Long term disability (let’s say you’d pay half of 3%)

1,050.00

Total value of benefits                                                     

$14,305.12

So, in order for a freelance gig to pay as much as a salary, Ms. Onherown would need to be paid at least 20.4% more: $84,305.12, or $40.38 per hour.

But wait, that’s not all. If Ms. Onherown is working out of her own home or apartment, she could deduct some portion of the housing as a home office, and any time she uses her car to travel to a site, the mileage would be deductible. But if all that hourly work is performed at the employer’s site, she loses that. If she has to use her car, she may get a gas allowance, but often these don’t take into account the wear and tear on the car, the cost of purchasing (and financing) a vehicle, the increased cost for car insurance when used for a job, and the inevitably increased maintenance on a heavily used car. And, does Ms. Onherown need to provide any of her own supplies? Depending on the profession, this can really rack up some costs.

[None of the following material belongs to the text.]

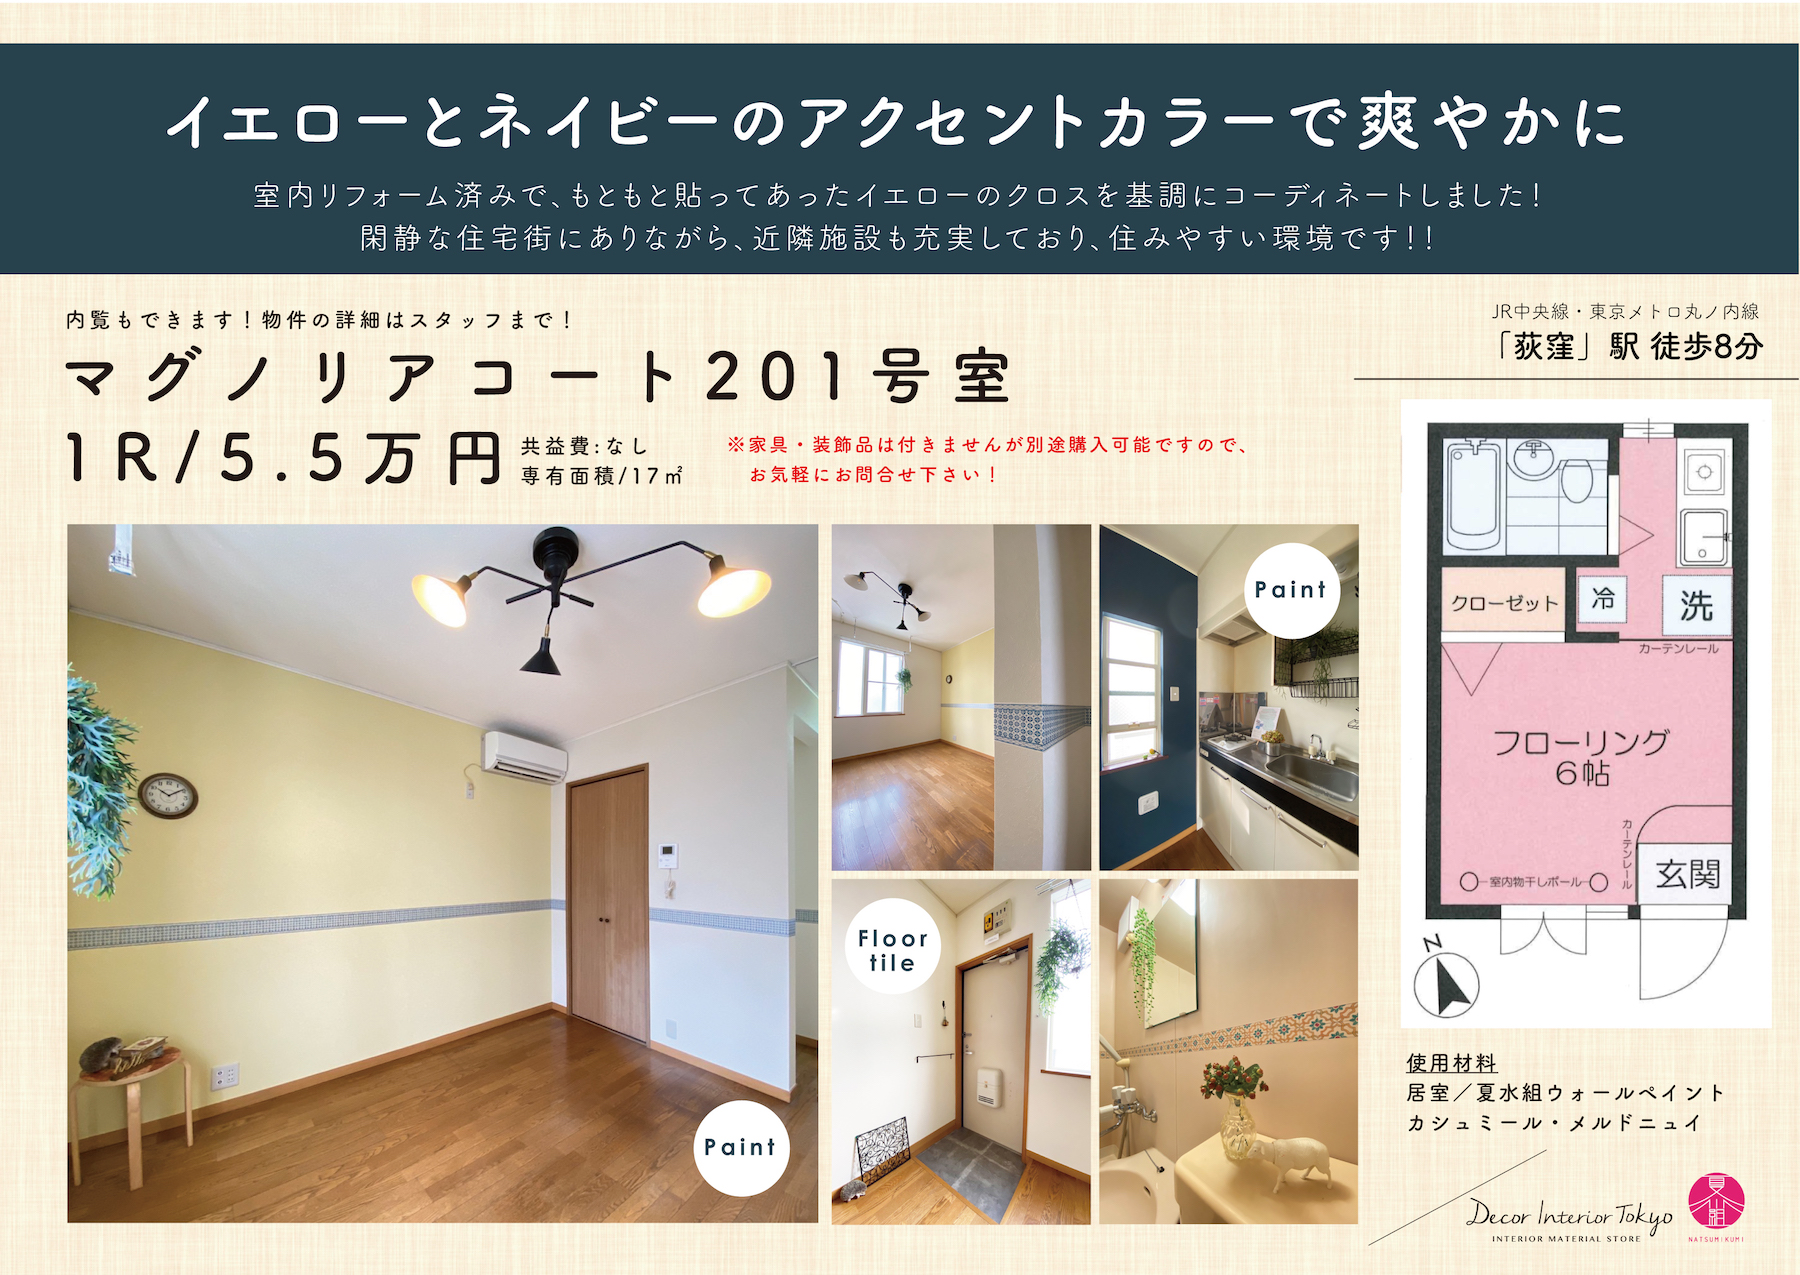 【随時更新】Decor Interior TokyoがプロデュースするDIY賃貸の物件と材料一覧・Vol.2

While Ms. Onherown could certainly contribute to an IRA, without a match, the amount she could contribute (and the potential reduction of her taxable income) is far lower than the amount she might contribute to an employer 401k. While a single making $70K probably doesn’t have enough to contribute the full $18,500, these jobs are often pitched to married people (as “flexible”)—and if spousal income is sufficient, the couple is losing an important tax saving opportunity.

We’re probably wading into the weeds here, but are those hours guaranteed? Because if the client isn’t available, or there’s not sufficient business, or some time might be taken up with non-billable activities like staff meetings, the hourly person working directly for an organization might end up with far less than 40 billable hours. In fact, many true freelancers are lucky to be able to bill 20 hours per week. If it’s the kind of freelance job where you also need to join professional organizations, pay for professional insurance, do marketing, and supply your own technology (and technology repair and replacement), the costs are much, much higher than my list above.

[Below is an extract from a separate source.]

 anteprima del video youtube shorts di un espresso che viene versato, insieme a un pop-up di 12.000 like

Many years ago, when I worked at writing grant applications, the Feds used to allow us to include a “reasonable” indirect rate of 31-33% on any proposal to cover just these sorts of costs for personnel. I think that’s a good starting point—add about 1/3 to any salary, and you’ll have a pretty good estimate of what a minimum freelance hourly rate should be.

NOTE: An earlier version of this post used 216 working days instead of 261–an inadvertent transposition. The calculations have been corrected. I regret the error.